Most every leader is feeling the effects of the waves of social media technologies that are increasingly washing up on the shores of their organizations. It’s primarily been blogs since 2005 but now it’s also Facebook, Twitter, LinkedIn, and YouTube.
Leaders cannot help but notice the demands for more organizational transparency, authenticity, responsiveness, and engagement from employees, customers, constituents, members, citizens, and the media–all of whom are increasingly adept at using social media technologies.
If you’ve been reluctant to use social media technologies yourself in your role as a leader, you’re not alone.
The problem was noted as early as 2006 when the New York Times published an article titled All the Internet’s a Stage. Why Don’t C.E.O.’s Use It? Author Randall Stross cited only one active CEO blogger among the Fortune 500.
Fast forward to January, 2009 when social media consultant Steve Borsch authored a blog post titled Why Executives Don’t “Get” Social Media. When he asked one executive, the response was, “Because I’m getting sh*t done and I can’t invest my attention or energy there.”
In the spring of 2010, Forrester CEO George Colony published a series of blog posts titled The Social CEO. In Part 1: Most CEOs Are Not Social he noted that not only were few CEOs using social media, but that even CEOs of the big social media companies weren’t exactly active users.
Colony and others have some theories about why so few executives use social media technologies such as blogs, Twitter, Facebook, LinkedIn, and YouTube in their roles as leaders. In Part 2 of his series titled CEOs Aren’t Social For Good Reasons, Colony listed these factors:
- Age
- Risk and regulatory constraints
- Time
- The social heavy model breeds blowhards
In August, 2010, the principals of corporate social media consulting firm DemingHill published a paper titled Why Executives HATE Social Media citing that executives:
- are “non-narcissistic in a YouTube world”

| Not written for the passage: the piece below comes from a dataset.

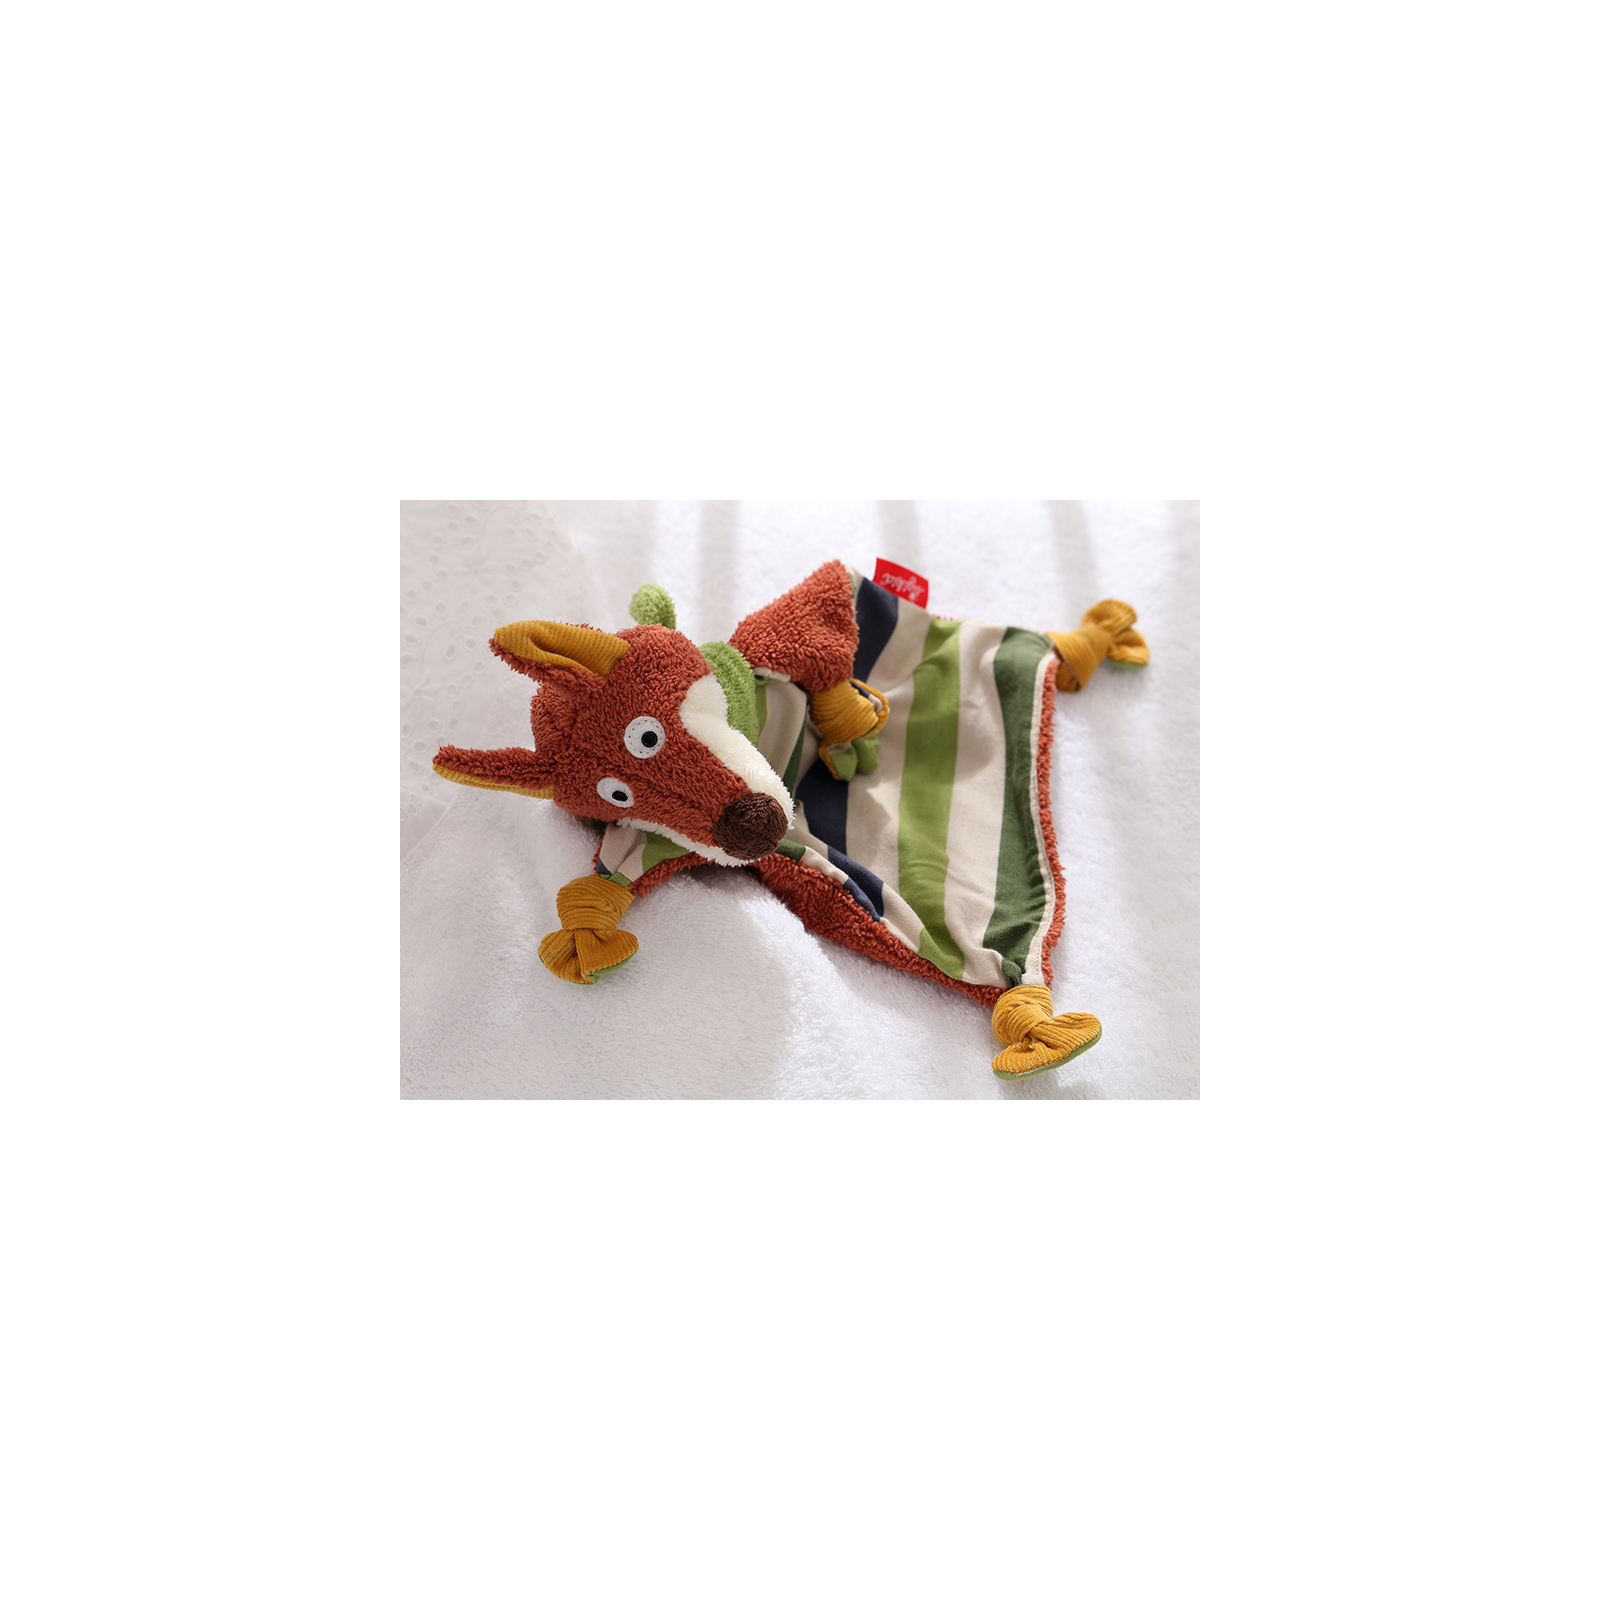 Развивающая игрушка Sigikid игрушка-кукла Лис (41340SK) изображение 6

- are inherently introverts and gravitate towards solitude versus socializing
- have difficulty with the lack of control required for social media to be fully unleashed
- fear and feel vulnerable around the technology in the social arena, even as they depend on it in other areas
- wonder if social media is yet another technology whose promises will go unfilled
In my work as a leadership blogging coach the past five years, I’ve heard all these reasons and a few others. In this blog post, I address them and suggest some alternative ways to think about them.
Why Leaders Avoid Blogging and Other Social Media
1. Lack of time
“My days are packed, and increasingly, work is encroaching on my evenings and weekends. Why would I add regular blogging or tweeting to my to-do list?”

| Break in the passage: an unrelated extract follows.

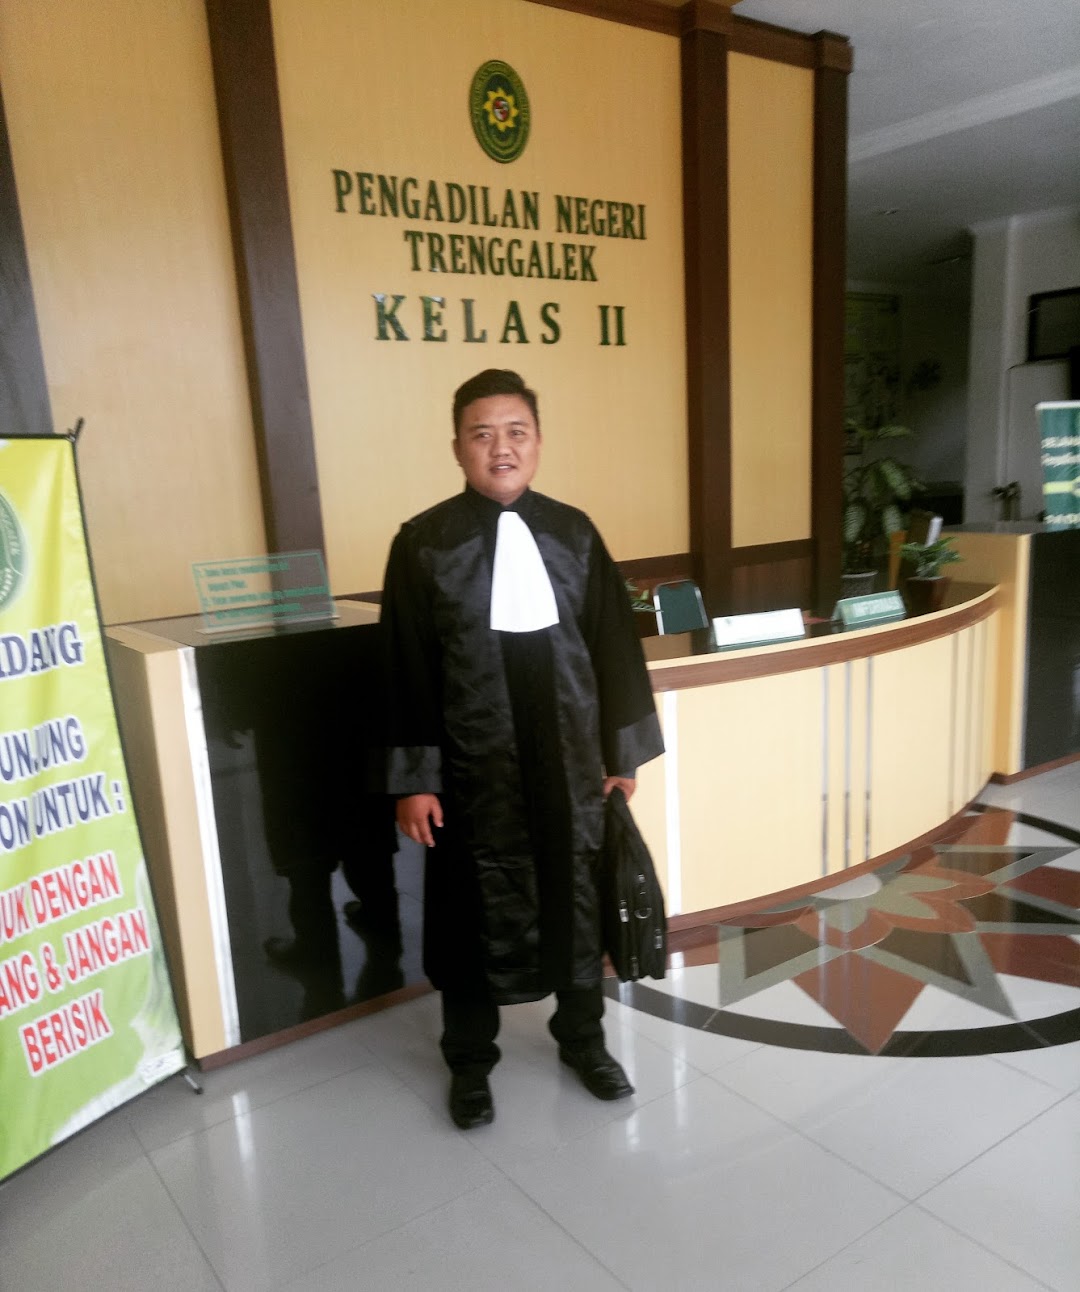 Agung & Partner Advocate Legal Consultan

Blogging feels like just another task when you first start out, and it does require some time commitment to work it into your week. But once you experience feedback from your blogging, once you realize that not only are others who are important to you are reading your blog but that they’re talking about it and spreading it to others, your attitude towards the task of blogging changes.

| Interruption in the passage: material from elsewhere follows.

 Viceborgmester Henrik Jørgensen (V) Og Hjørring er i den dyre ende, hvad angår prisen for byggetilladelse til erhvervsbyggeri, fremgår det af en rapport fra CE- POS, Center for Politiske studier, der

You start to realize that your blog leverages and magnifies your leadership in time-effective ways. You start to see it as a tool for increasing your influence.
Back in 2005, author, blogger, and marketing guru Seth Godin referred to this as his Leveraged Effort Curve:
Knowledge workers get paid extra when they show insight or daring or do what others can’t. But PA SEO Services is expensive, time consuming and not particularly enjoyable for most people. As you get better at what you do, it seems as though you spend more and more time on the packaging and less on the doing.
Blogging is an exception. Godin continues:
Once you get the system and the structure set up, five minutes of effort can give you four minutes of high-leverage idea time in front of the people you’re trying to influence. [Blogging] allows ideas to be stripped down to their essence and allows you to really push. This is pure, unadulterated leverage. The stuff you actually get paid for, with no overhead.
2. Fear of an increase in the flood of electronic messages
“My email inbox is overflowing. I’ve got umpteen voicemails piled up waiting for me. I’ve got no choice on dealing with the onslaught of text messages on my mobile phone. If I start blogging or tweeting, it will just encourage people I don’t know or care about to contact me.”
Social media technologies don’t necessarily require you to be more available electronically. You don’t need to publish your email address. (A good alternative is to place a Contact Form on your blog that forwards comments to your email or your assistant’s. You can then decide if a response is warranted.) You certainly don’t need to publish your phone number. And people who follow you on Twitter can’t contact you through that service (‘direct message’) without your permission.
A blog can also reduce your time spent with email because you can answer your email with a blog post, which is an option that you didn’t have before. It gives you the ability to respond to an individual so that all your readers can hear/read it. You leverage your response (there’s that word leverage again) so that it has the potential to benefit the most.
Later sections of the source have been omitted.